In this case, I believe the tool may be part of the solution. With
limited manpower at our disposal, having a somewhat painful process
certainly doesn't help.


It should help. A commitment to doing reviews is probably more important here than submitting for review. It's less fun than development and takes a certain commitment. Of course, there are probably some perverts out there who find it enjoyable. I hope we find some.
 
- Working with patches is unreliable (check out all the patches in
Trac that don't apply cleanly and how much effort it will be to fix
them).  Distributed revision control provides a much better structure
within which to manage patches.


Two year old patches are always going to be a problem. The real fix here is not to let things languish.
 
- Merging in SVN is horrible and will never encourage branches.
Without branches, trunk becomes turbulent easily.


True.

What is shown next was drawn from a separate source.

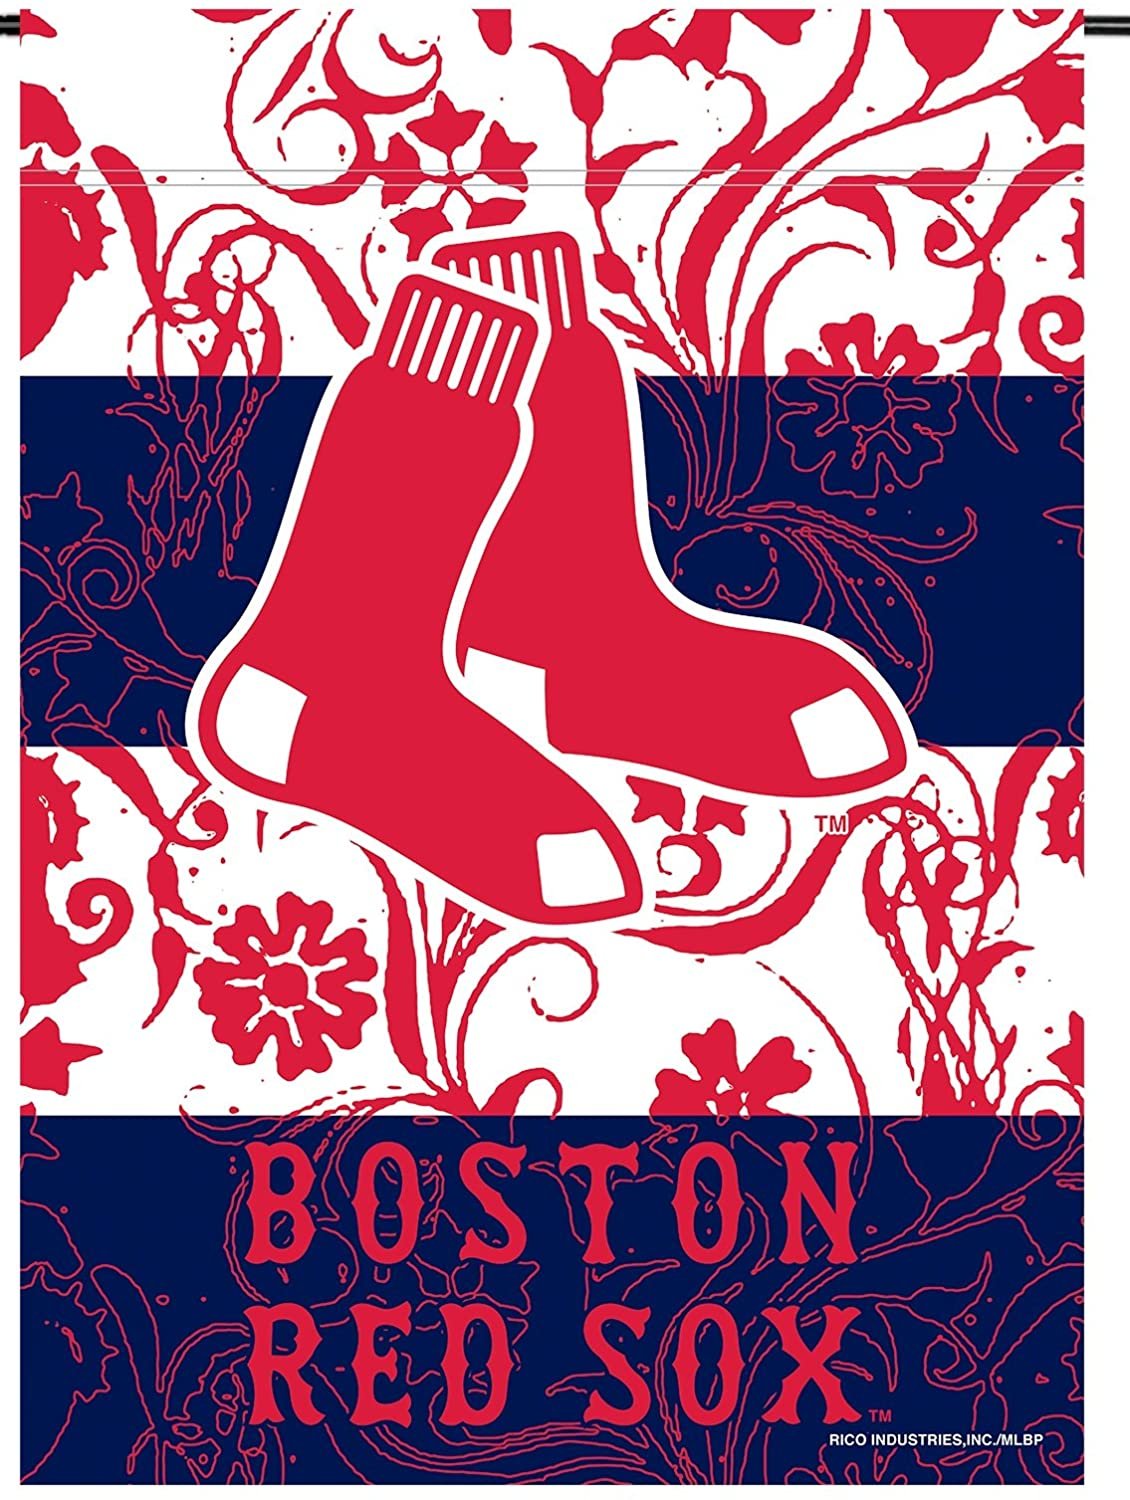 Boston Red Sox Premium Garden Flag Banner, Double Sided, 13x18 Inch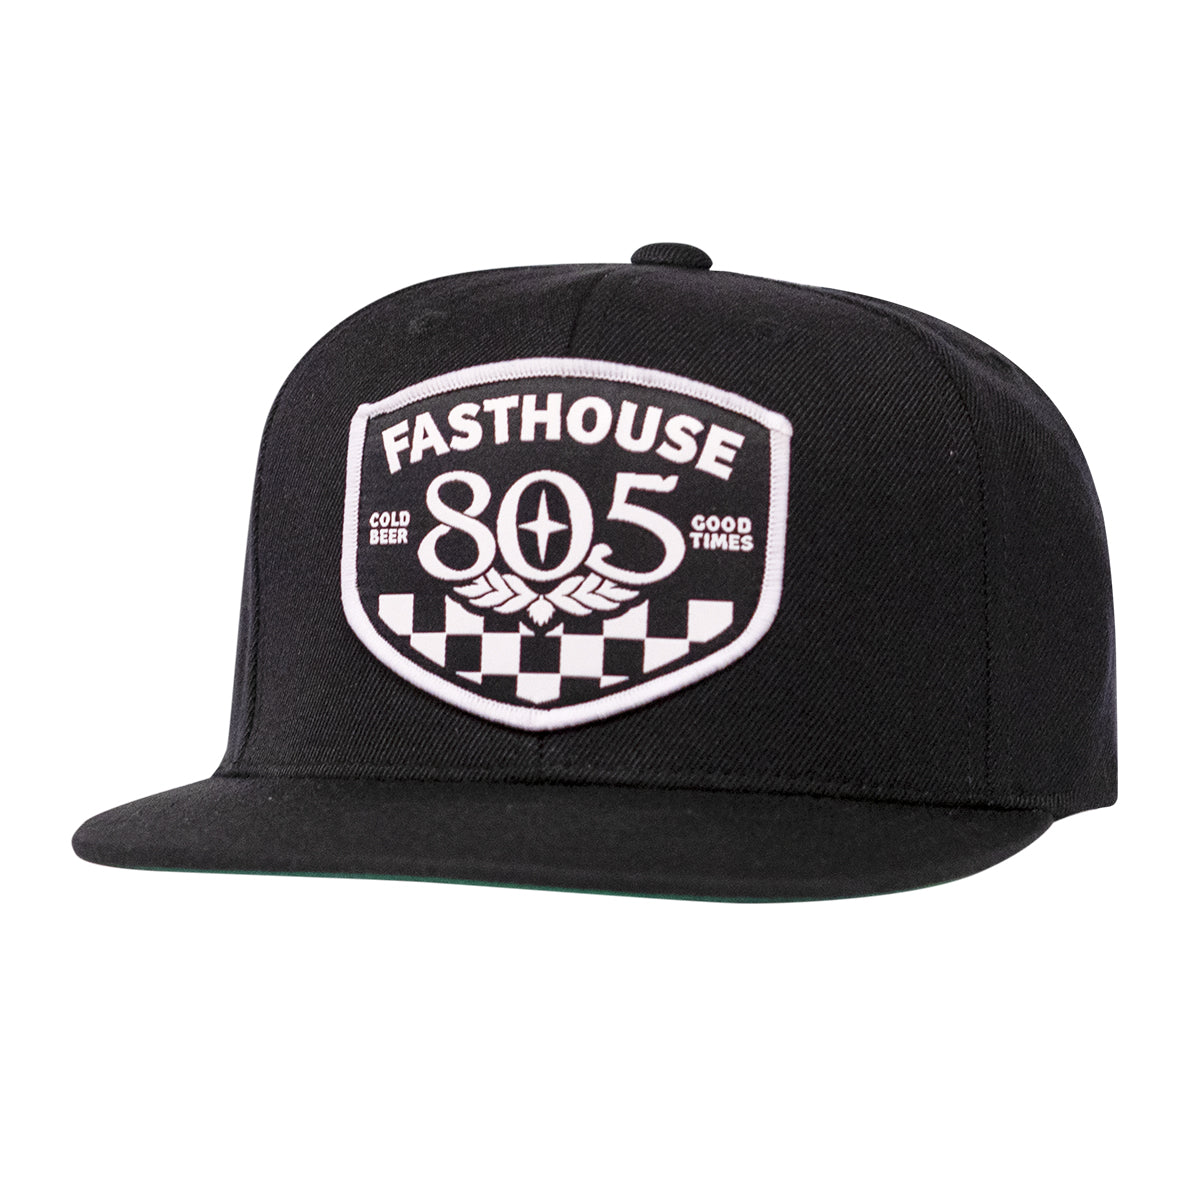 Fasthouse - 805 Pitstop Hat - Black

Although there would need to be more activity to get to true turbulence.
 
- We currently don't have any code review in place.  This isn't SVN's
fault, but tools such as GitHub's compare view
(http://github.com/blog/612-introducing-github-compare-view) look
really promising

Maybe most importantly, distributed revision control places any
possible contributor on equal footing with those with commit access;
this is one important step in making contributors feel valued.


Well, not quite. They can't commit to the main repository. I think the main thing is to be responsive: fast review, quick commit. And quick to offer commit rights to anyone who sends in more that a couple of decent patches. Maybe we should take a vow to review one patch a week.